Data is not the new “oil” anymore. Data is the new “air.” It has become more than economic fuel; it is a catalyst of innovation, of disruption, and of possibilities. However, it’s never a guarantee that all innovations, disruptions and possibilities will be positive ones. Creating fire was one of early humanity’s greatest accomplishments. It also made arson possible. We still need to learn how to harness data and the Internet for positive benefit—as well as to manage and mitigate its risks. In the data we generate, just as there is great value, there also is great risk. We need to understand both and plot our digital pathways accordingly.
Facebook CEO Mark Zuckerberg’s recent moments on Capitol Hill made our need to digitally evolve even more stark. His testimony made the spotlight already focused on data and privacy even brighter. If nothing else was accomplished by his interactions with Congress, he has surfaced important and thought-provoking issues worthy of continued discussion—discussion that needs the active participation of policymakers, regulators, industry executives, academic leaders and individual citizens concerned about the use of their personal data.
Zuckerberg’s appearance in Washington, DC came in the aftermath of a data scandal involving a UK-based political data firm that improperly accessed data of millions of Facebook users. Pointing a finger at Facebook and asking, “How did this happen?” may feel cathartic, but it misses the larger point. This happened because the digital world in which we are now living continues to evolve faster than we have developed internationally accepted standards. This happened because, absent of such standards, evolution within the global regulatory and public policy realm has been unable to keep pace with the rapid advancement of technology.

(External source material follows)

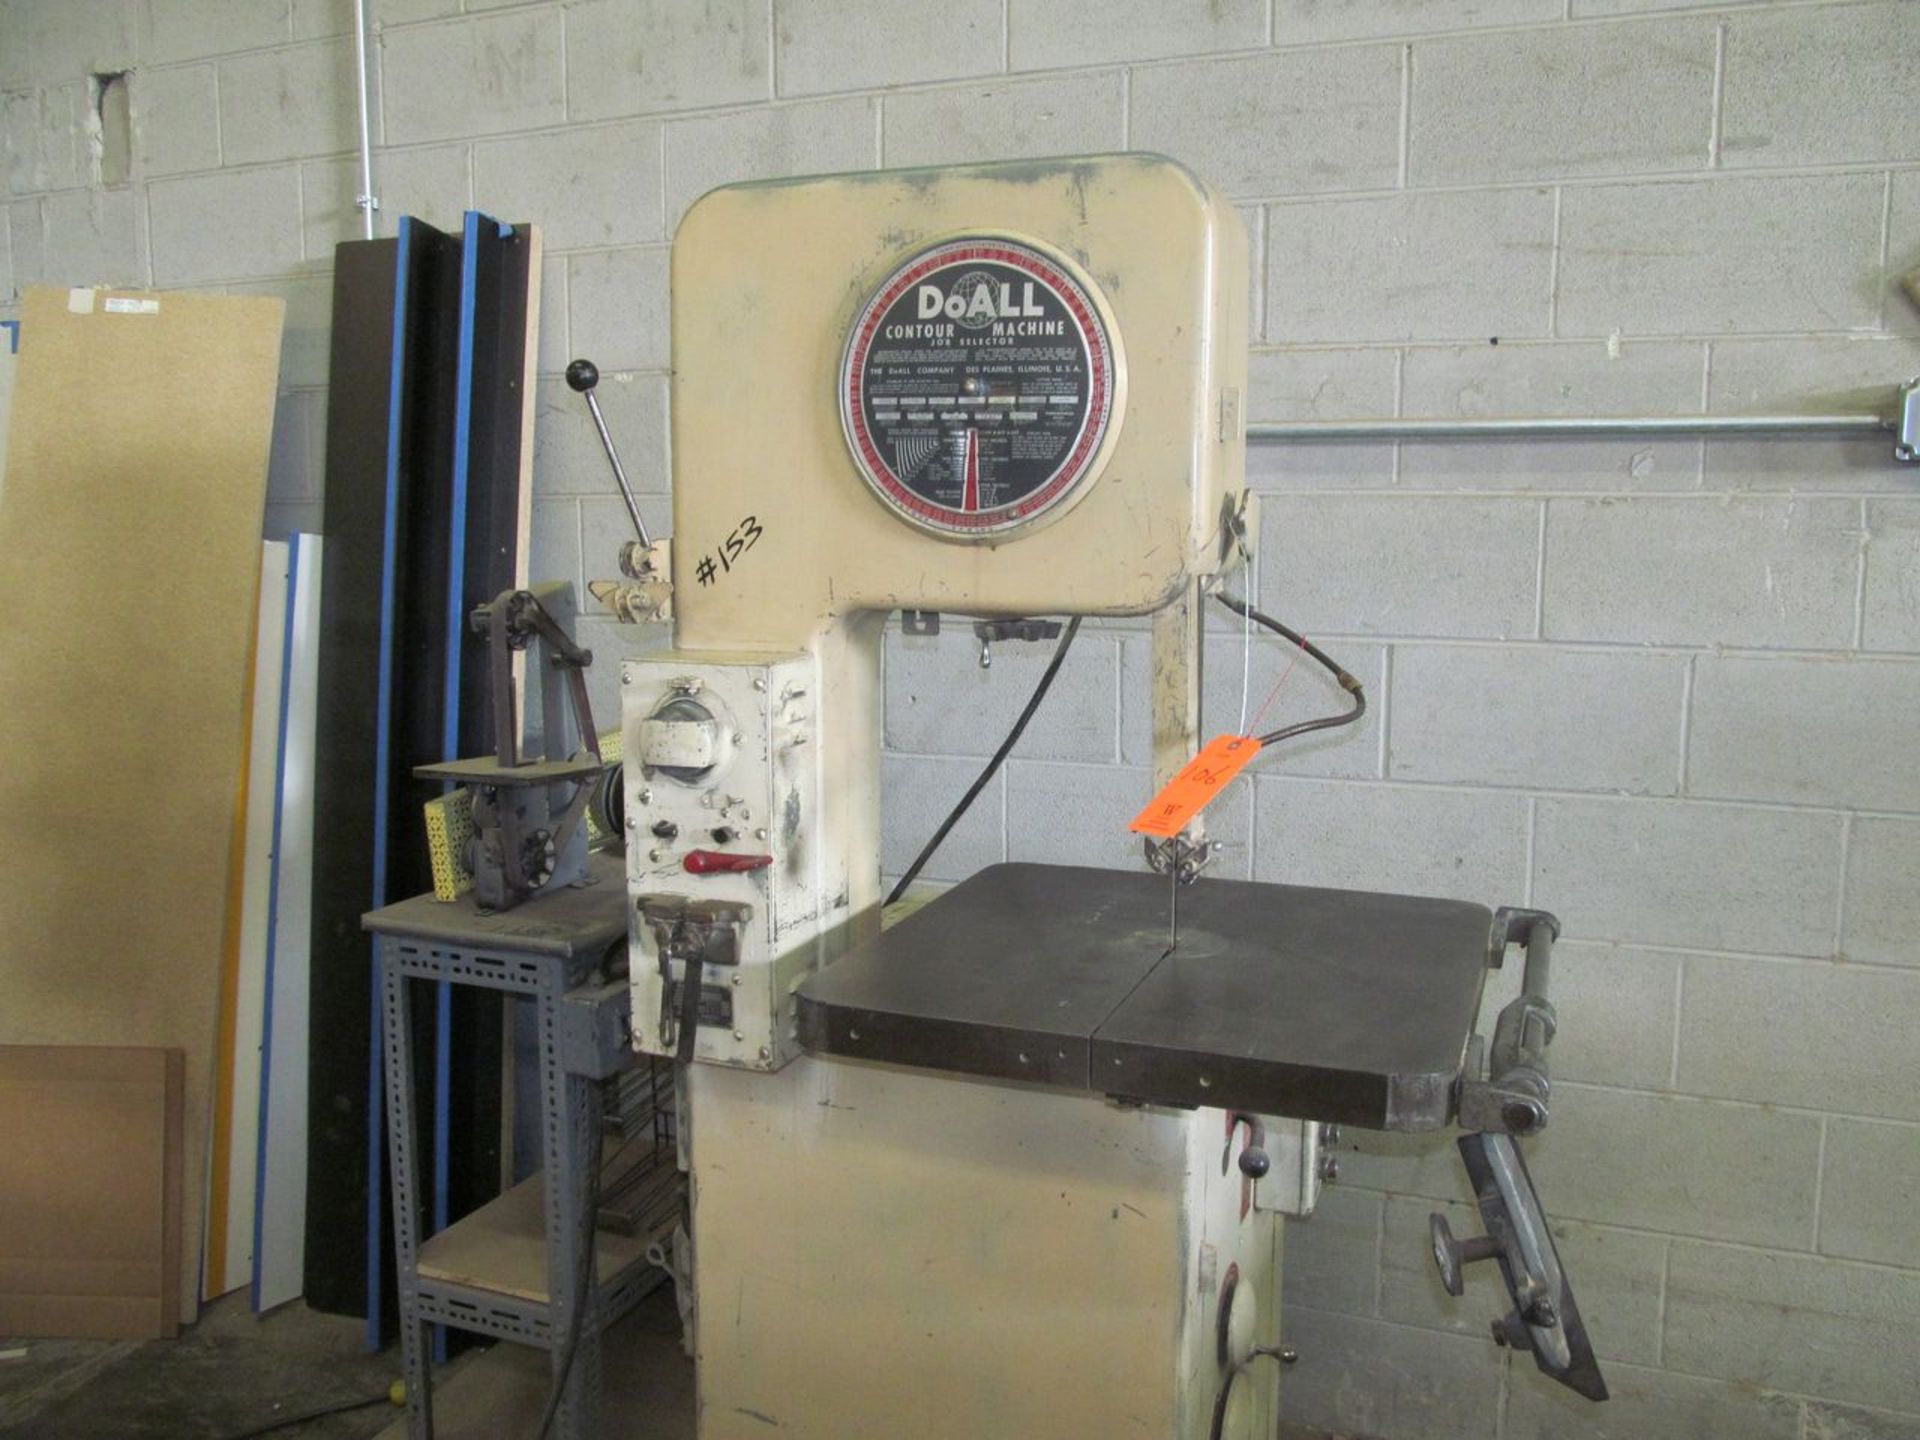 DoAll 16 in. Model 16-S.F.P. Job Selector Contour Vertical Band Saw, S/N: 79-561262; with 24 in. x

During his testimony, Zuckerberg admitted mistakes, accepted responsibility, and promised to do better—and then was grilled about many of those mistakes and the path forward. While Facebook has pledged expanded efforts to protect its users’ data, including giving users a better understanding of which apps can access their data and providing developers less access to data without users’ expressed consent, the revised approach going forward should not be Facebook’s responsibility alone. We, as individuals, have to accept some responsibility, too. In an odd sort of way, people have become data-driven companies in their own right. We must be proactive in the protection of our personal information, profiles, data and privacy rights.
The urgent need for sound data protection has reached new heights globally thanks to the arrival of the long-anticipated General Data Protection Regulation (GDPR), which is now in effect. ISACA research conducted in the weeks leading up to the deadline shows that prioritizing GDPR compliance among other business priorities is among the leading challenges that organizations face. While balancing enterprise priorities amid a disruptive and fast-evolving technology landscape is no easy task, protecting customers’ personal information – whether mandated by GDPR or otherwise – must be a priority, and therefore not relegated to being treated as a secondary consideration.
Data is the new air, and leveraging its positive potential is essential to catalyze innovation, progress, and to create new value. To inspire assurance and confidence that the appropriate data protection efforts are in place, implementation of more rigorous and robust information/data governance is not an option; it has become a must. We may also need consensus-based standards to shape the right governance environment, ultimately making it easier to comply with any new policies and regulations that will come forward in the future. Without these conditions in place and lacking a collective commitment to collaboration, breathing this new air will become far more difficult.